En la misma situación hay al menos otras 15 personas en tres estados de la República. 

Entérate: #PrimeraLínea, así trabaja personal médico en salas llenas de pacientes con COVID

A todos, aseguran, los han dejado sin trabajo, sin una explicación; pese a la promesa del presidente Andrés Manuel López Obrador de que no se dejaría sin empleo al personal contratado por Insabi para atender la emergencia. 

En el área donde estaba Daniel, la de terapia intensiva, sólo había dos enfermeros por turno para atender a seis pacientes críticos. “Llegaban hasta tres al mismo tiempo, que necesitaban intubación. Acabábamos con uno e íbamos con el otro. Era mucho estrés, mucho cansancio. El traje de protección te lastima, te sofoca. Un día mi compañera, la enfermera que estaba conmigo en el turno, se desmayó”. 

Daniel Canché, de 24 años, dice que ni él ni su compañera se imaginaron que iban a estar en algo muy similar a una zona de guerra, “con tantos muertos. Hubo un día que entre los dos turnos murieron cinco pacientes”. Ahora que la situación está más controlada, el enfermero denuncia que ya no le refrendaron el contrato. 

“Después de todo lo que trabajamos, después de que nos arriesgamos, cuando mucho personal de base de los hospitales no quiso entrar a área COVID, después de las secuelas que tendremos porque yo he quedado con miedo: veo a un paciente y siento que se va a a morir, alguien de mi familia se enferma y me da terror. Me siento como un niño desvalido de siete años. Después de eso me han dejado sin contrato y a mi compañera también”. 

En abril, el subsecretario de Salud, Hugo López Gatell, detalló que se había contratado a más de 50 mil profesionales para atender la emergencia sanitaria en los hospitales. Pero que el faltante era de hasta 240 mil. 
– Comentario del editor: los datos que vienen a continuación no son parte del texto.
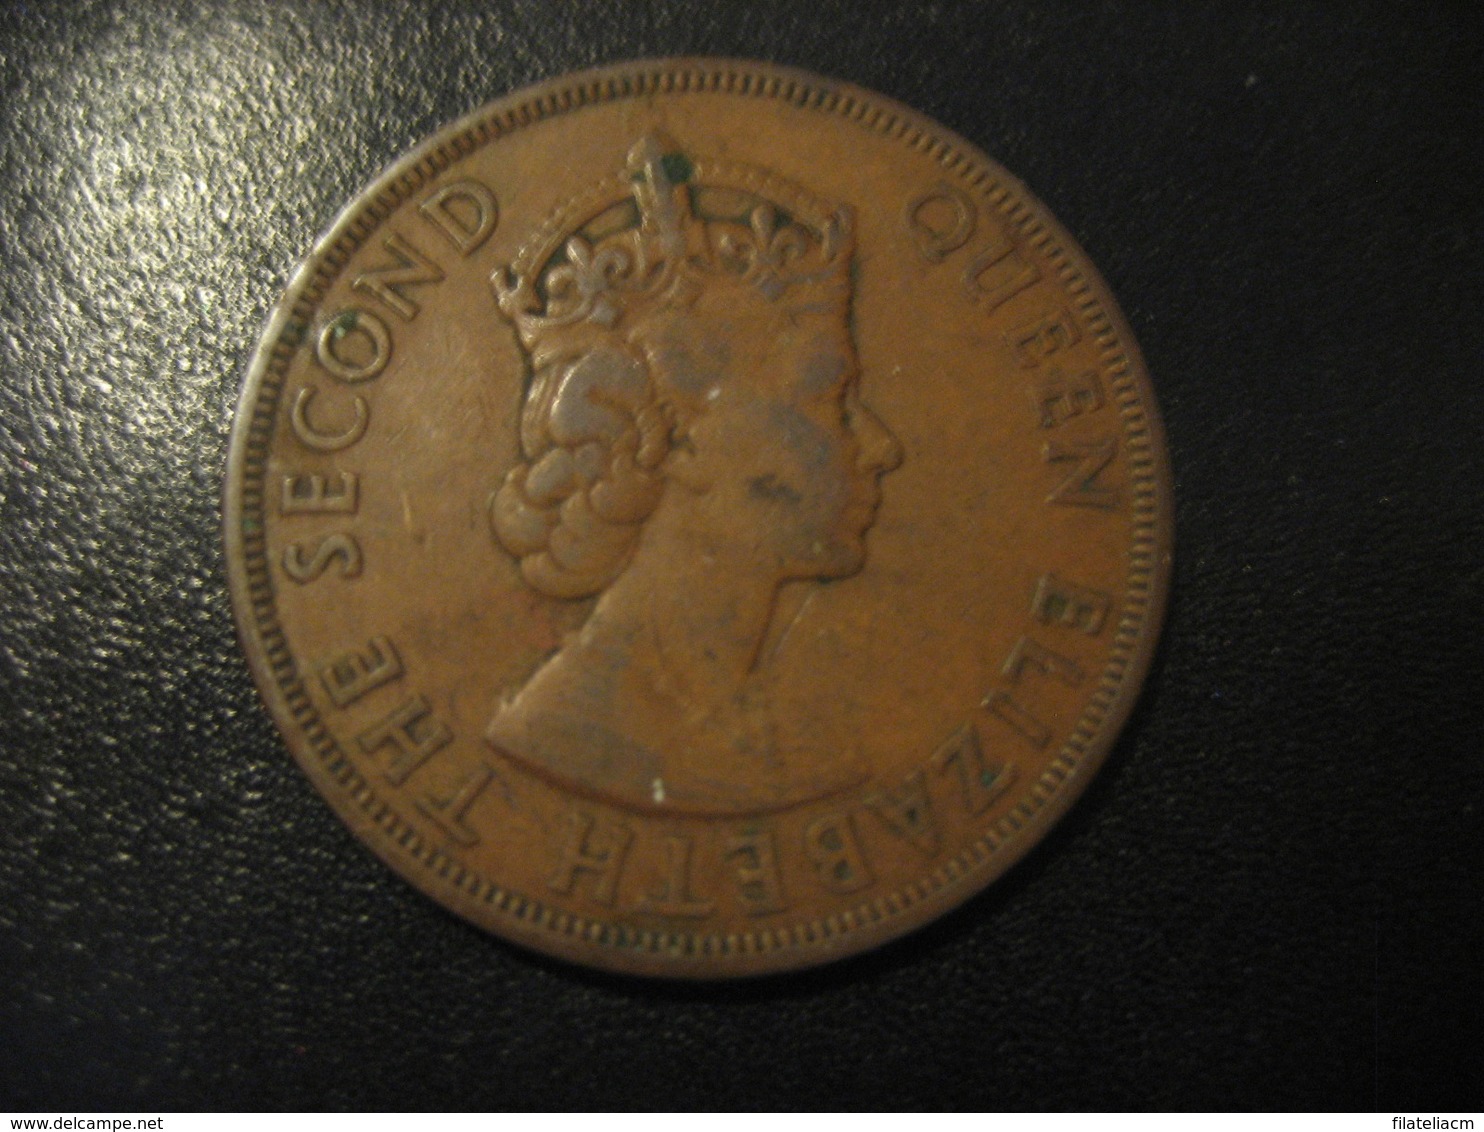 2 Cents BRITISH CARIBBEAN TERRITORIES 1955 Coin British West Indies Antillas - Antillen

Daniel Canché entró a trabajar como personal Insabi para atender la emergencia de COVID el 15 de abril. Su contrato y el de sus compañeros de turno, dos enfermeros más y un camillero terminó el 31 de octubre. Pensaron que se los renovarían, pero no. 

La única opción que le dieron a Daniel fue seguir cubriendo las suplencias en las que se ha empleado desde hace tres años en la clínica del ISSSTE, pero en donde gana apenas 300 pesos por cubrir un turno frente a los casi 10 mil a la quincena que le estaban pagando por atender a los enfermos de coronavirus. Explicación de por qué no le renovaban el contrato Insabi no le dieron ninguna. 

Daniel asegura que ni él ni sus compañeros cometieron negligencias, no tuvieron inasistencias ni roces laborales con nadie. Nunca les levantaron un oficio. Lo mismo afirma Ricardo Novelo, también enfermero de 26 años, que hasta el mes pasado trabajó en la primera línea del Hospital General de Cancún “Jesús Kumate Rodríguez”. 

Ricardo admite que tuvo algunos roces con el personal fijo del hospital. “Exigían un compañerismo que no era para ser más productivos o hacer mejor el trabajo. Si alguien se atrasaba, tenías que quedarte hasta que acabara el último, solo porque trabajaban mal, cosas así”, cuenta. 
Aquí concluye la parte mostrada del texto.